El tigre de Bengala "Kenzo", que escapó de un confinamiento privado en el Estado de México, murió por broncoaspiración de sangre derivada de un impacto de bala en la cabeza, según confirmó el informe macroscópico preliminar de la necropsia realizada por la Universidad Nacional Autónoma de México (UNAM).
El análisis post-mortem, practicado por el Departamento de Patología de la Facultad de Medicina Veterinaria y Zootecnia, detalló que el proyectil penetró por la región del párpado superior derecho y continuó su trayecto atravesando el paladar blando.

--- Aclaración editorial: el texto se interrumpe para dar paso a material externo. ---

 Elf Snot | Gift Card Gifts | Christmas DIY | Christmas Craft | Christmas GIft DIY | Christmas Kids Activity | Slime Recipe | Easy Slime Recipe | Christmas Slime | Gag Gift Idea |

El informe describe además otras lesiones en el cuerpo del felino -un macho juvenil de dos años de edad, 116.2 kilos de peso y 236 centímetros de longitud-, algunas compatibles con impactos de arma de fuego, así como un corte de 11 centímetros en la cola. La Procuraduría Federal de Protección al Ambiente (Profepa) y la Secretaría del Medio Ambiente y Recursos Naturales (Semarnat) recibieron este avance clínico y precisaron que los patólogos de la UNAM entregarán posteriormente un diagnóstico histopatológico definitivo para profundizar microscópicamente en las heridas una vez que se reanuden las actividades universitarias."Kenzo" falleció el pasado 2 de julio durante un operativo de captura en una barranca del municipio de Tepetlaoxtoc, luego de permanecer prófugo desde el 28 de junio tras escapar del predio "Animal Experience Mexico", ubicado en San Bernardo Tlalmimilolpan.

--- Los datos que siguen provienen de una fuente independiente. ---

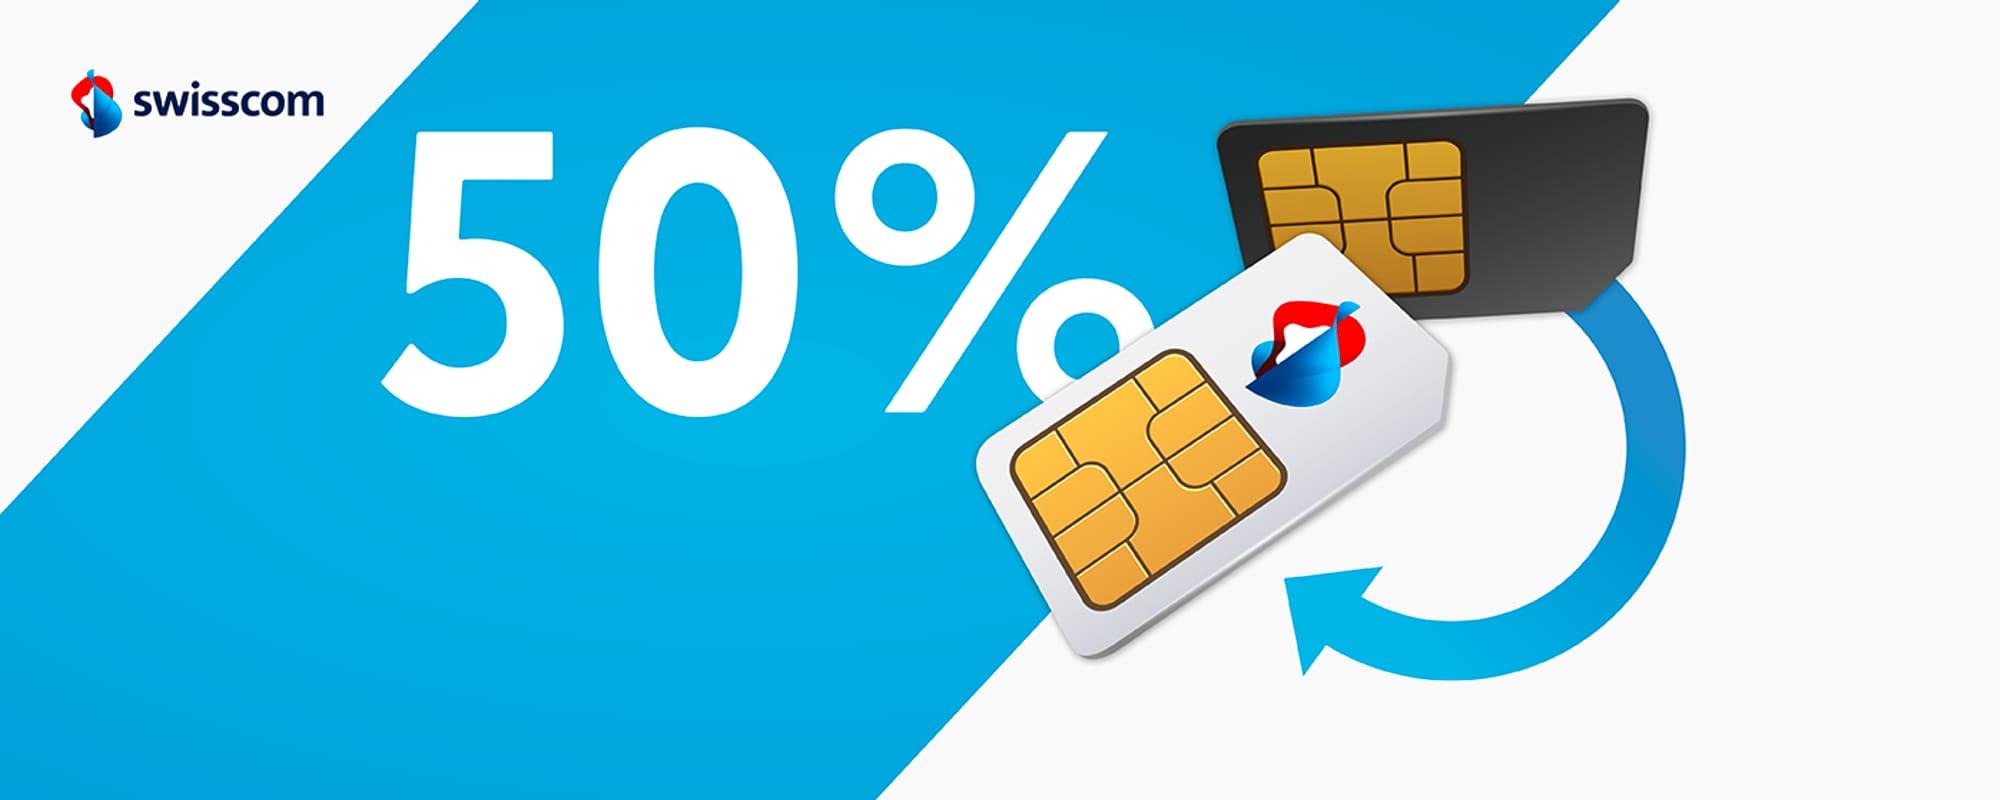 Swisscom Prepaid to Postpaid

Tanto la Profepa como el Ayuntamiento local respaldaron el actuar de las brigadas de contención -integradas por Protección Civil, la Comisión Estatal de Parques Naturales y de la Fauna (Cepanaf) y policías- bajo el argumento de que el uso de armas de fuego respondió a una situación de riesgo inminente, dado que el felino presuntamente intentó atacar a un médico veterinario que previamente le había disparado un dardo sedante. Aunque el ejemplar fue rescatado con vida de la zona de difícil acceso, murió en el trayecto hacia el parque Reino Animal. A raíz del incidente, las autoridades federales impusieron una clausura total temporal al centro "Animal Experience", registrado como Predio o Instalación que Maneja Vida Silvestre fuera de su Hábitat Natural (PIMVS). Las inspecciones en el sitio revelaron anomalías estructurales y fosas de confinamiento en construcción que facilitaron la fuga, lo que derivó en el aseguramiento de otros nueve ejemplares de fauna silvestre y el inicio de un procedimiento administrativo contra los propietarios por manejo negligente.